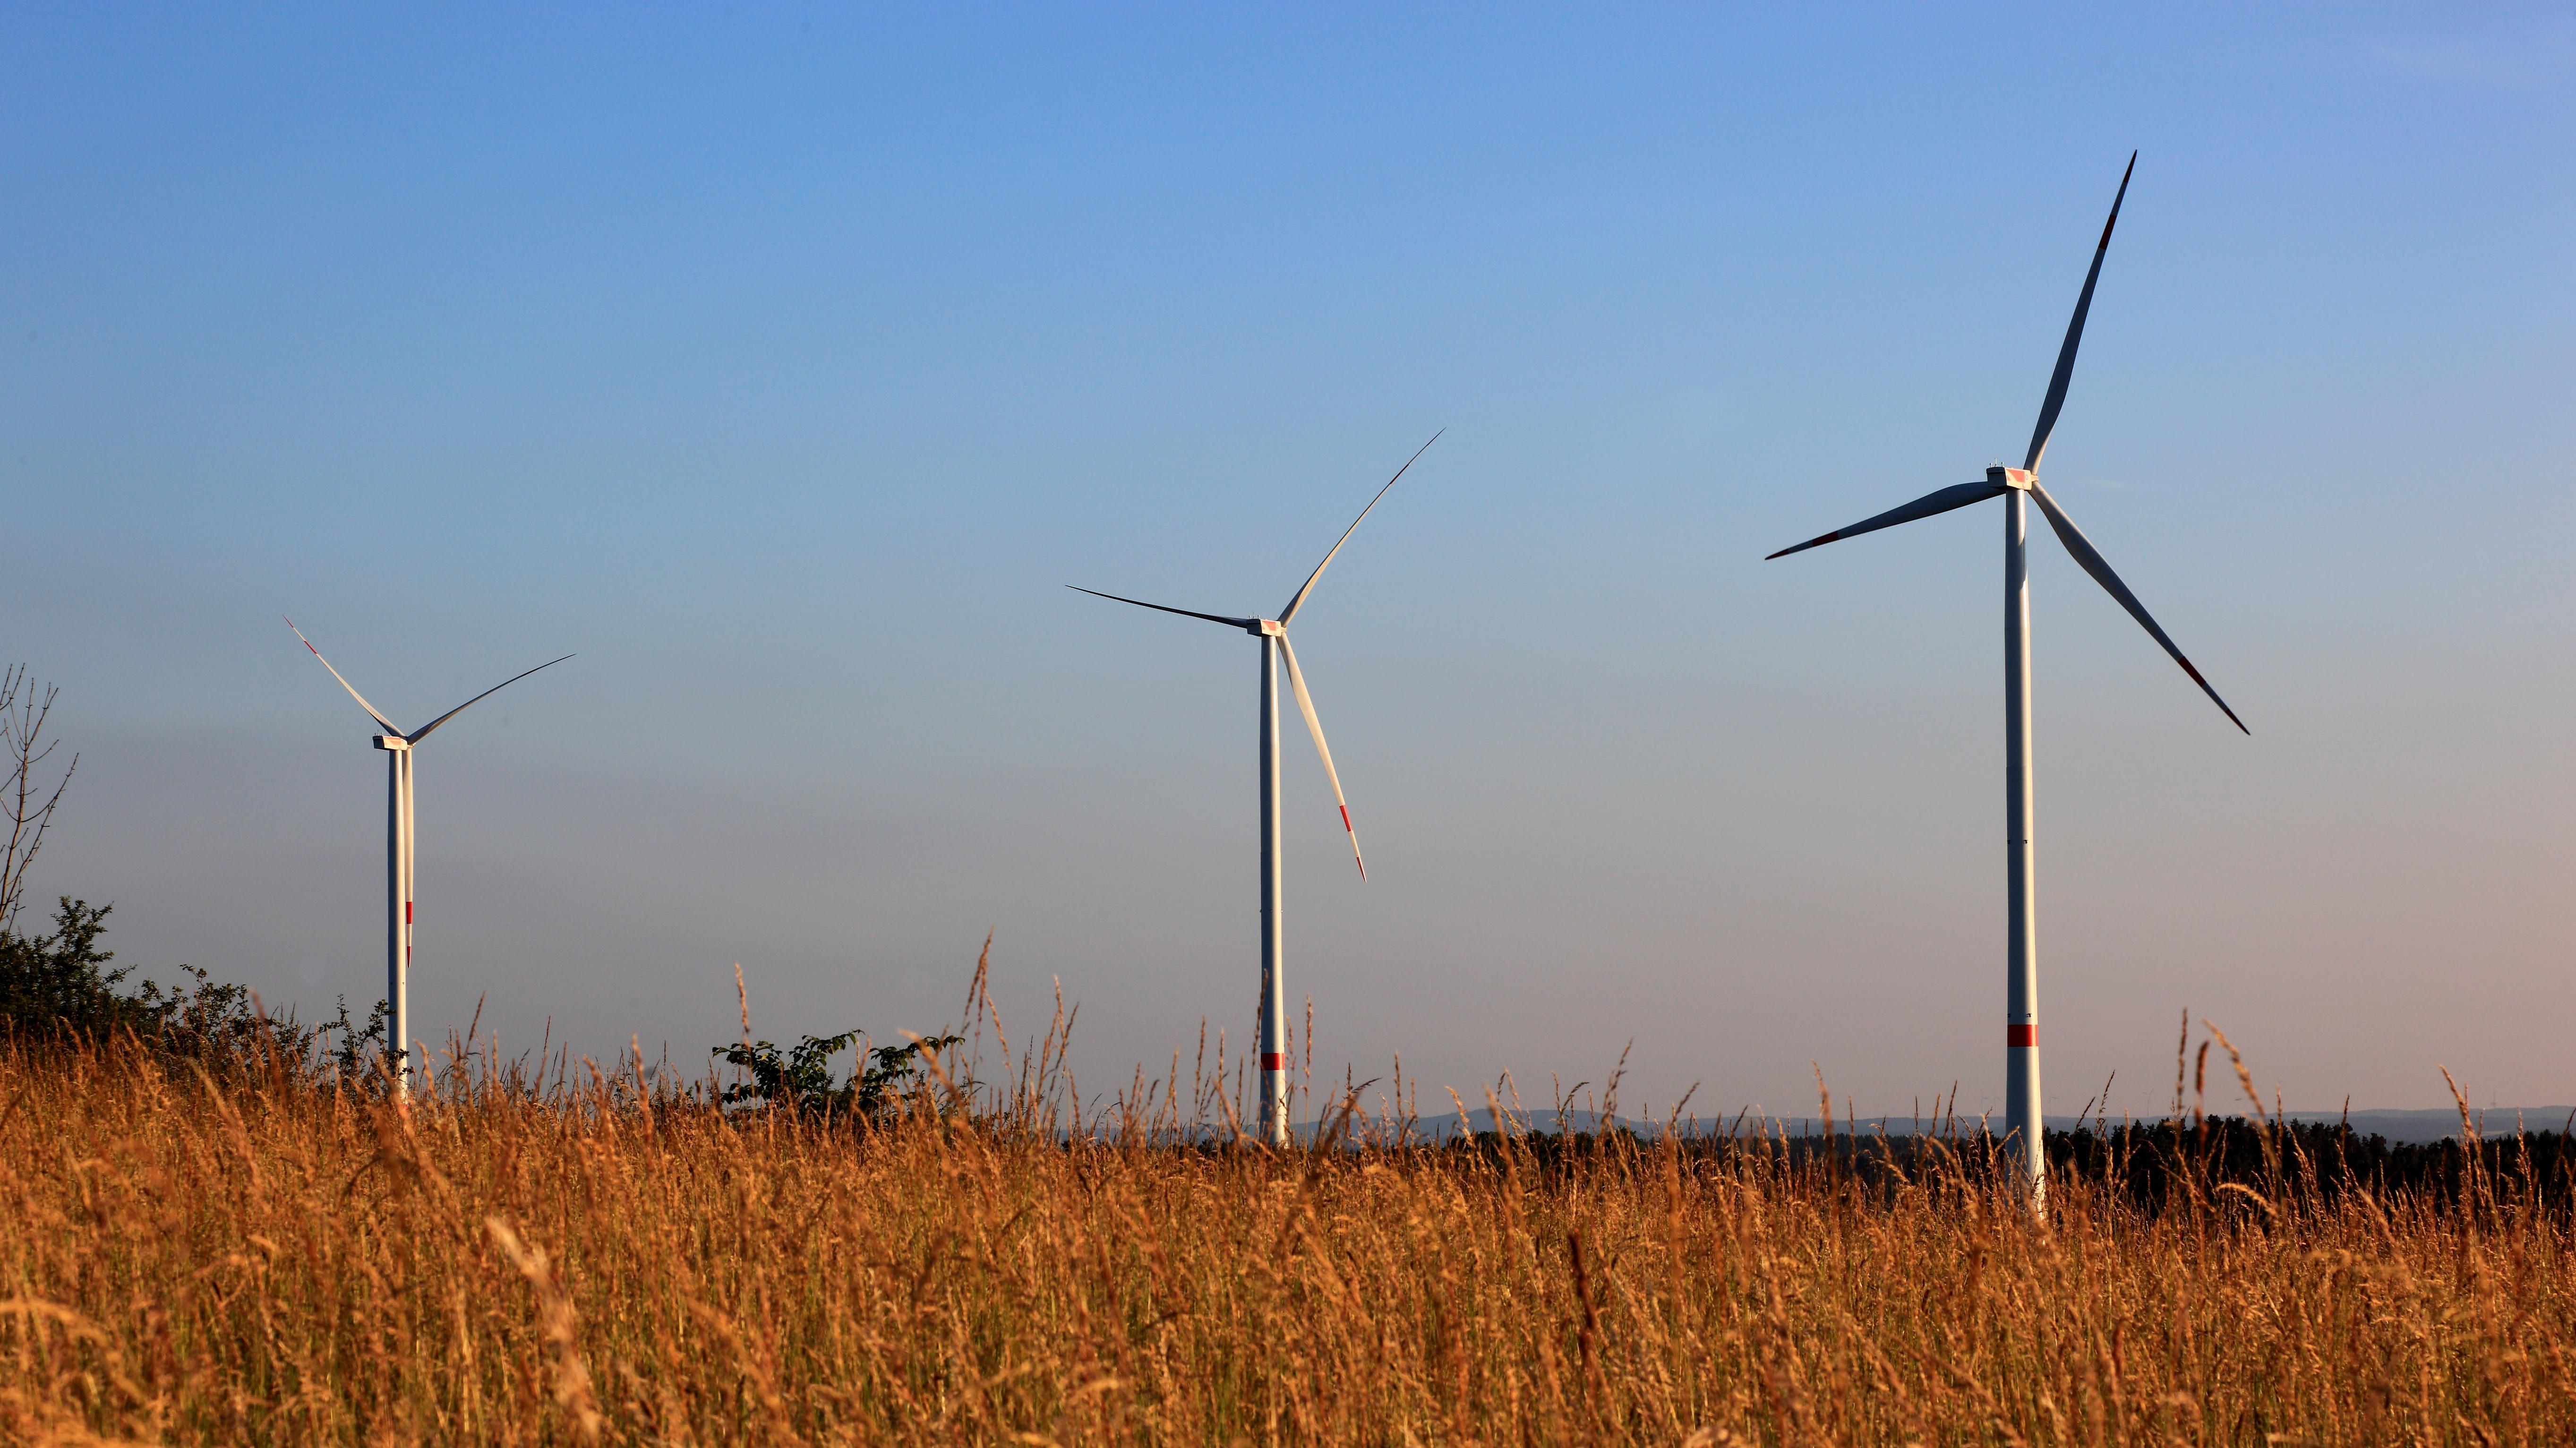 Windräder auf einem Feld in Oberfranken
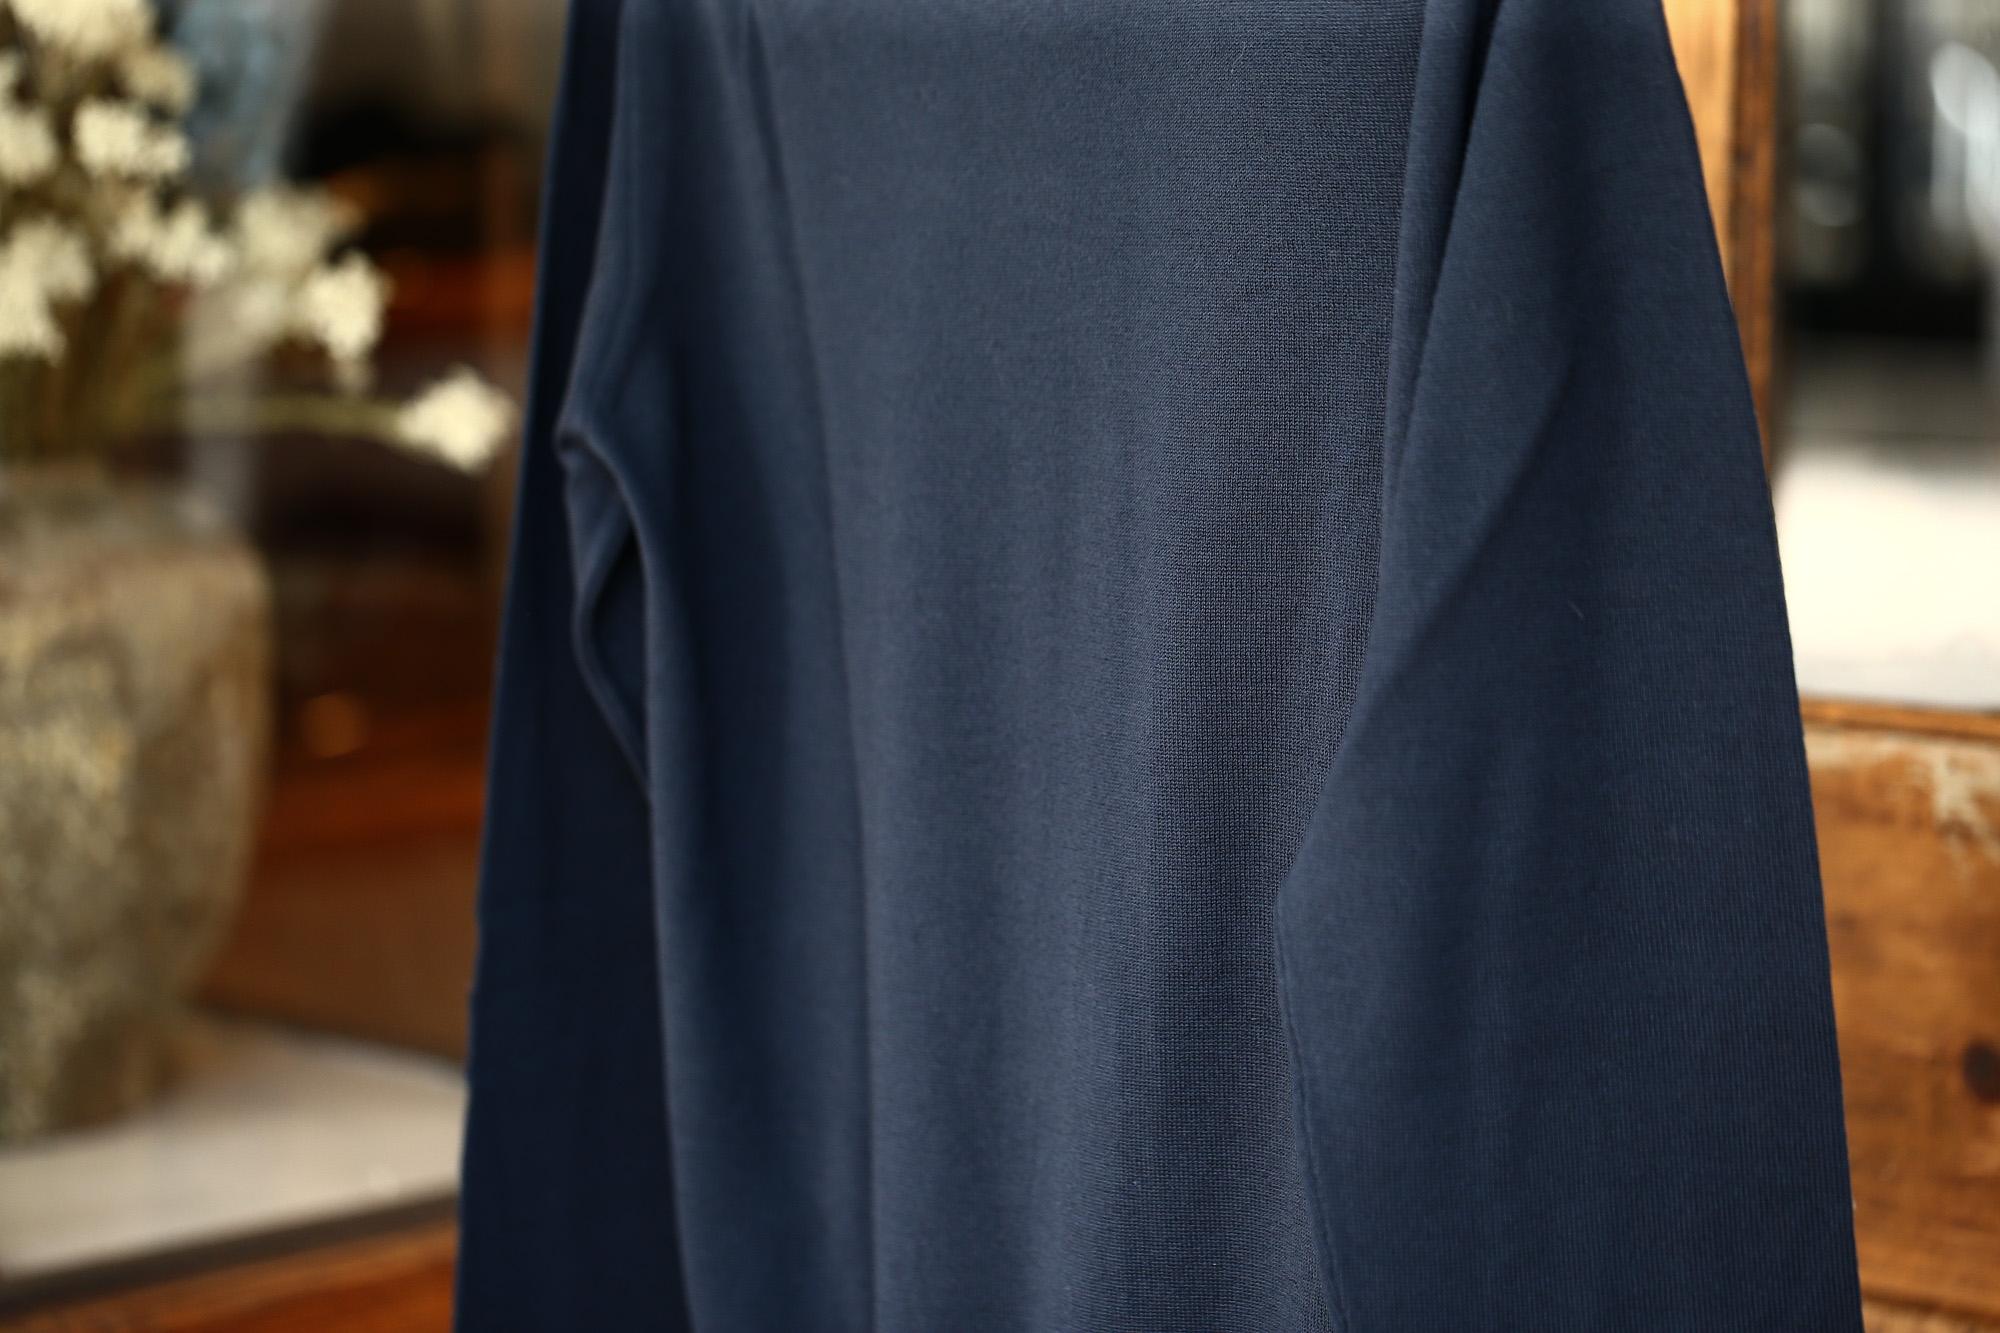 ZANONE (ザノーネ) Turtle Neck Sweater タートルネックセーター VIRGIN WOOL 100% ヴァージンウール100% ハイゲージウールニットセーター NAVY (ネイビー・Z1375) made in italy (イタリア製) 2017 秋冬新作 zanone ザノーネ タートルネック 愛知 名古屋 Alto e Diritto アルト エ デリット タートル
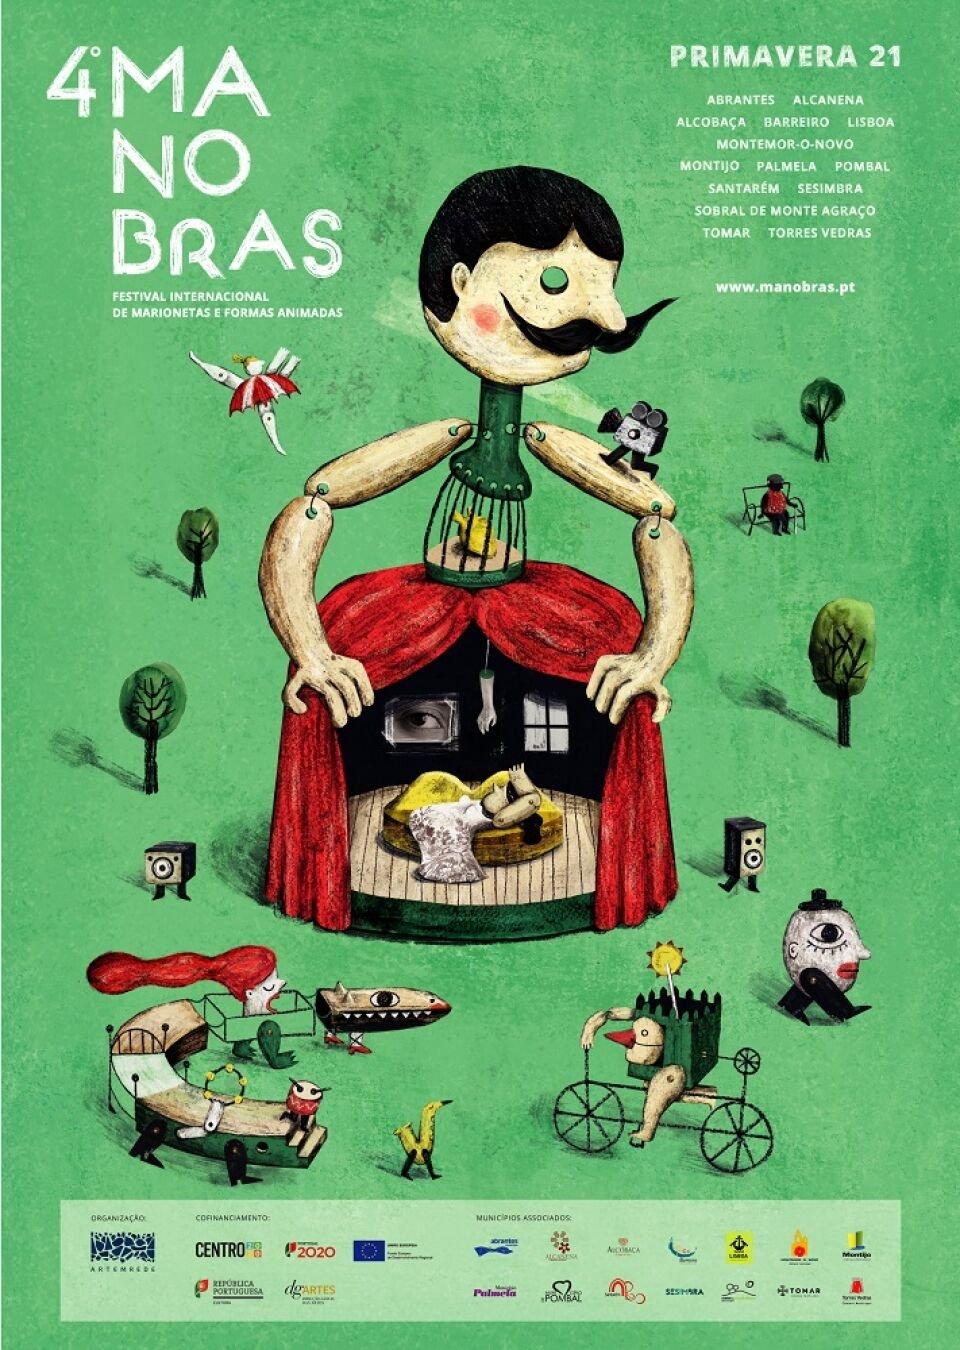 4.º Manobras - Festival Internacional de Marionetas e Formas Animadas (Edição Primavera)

::::

**What the exercise asks**
Leave out all pictures, then copy the remaining material exactly.

**Response to this task**
 Windräder auf einem Feld in Oberfranken
 ZANONE (ザノーネ) Turtle Neck Sweater タートルネックセーター VIRGIN WOOL 100% ヴァージンウール100% ハイゲージウールニットセーター NAVY (ネイビー・Z1375) made in italy (イタリア製) 2017 秋冬新作 zanone ザノーネ タートルネック 愛知 名古屋 Alto e Diritto アルト エ デリット タートル
 4.º Manobras - Festival Internacional de Marionetas e Formas Animadas (Edição Primavera)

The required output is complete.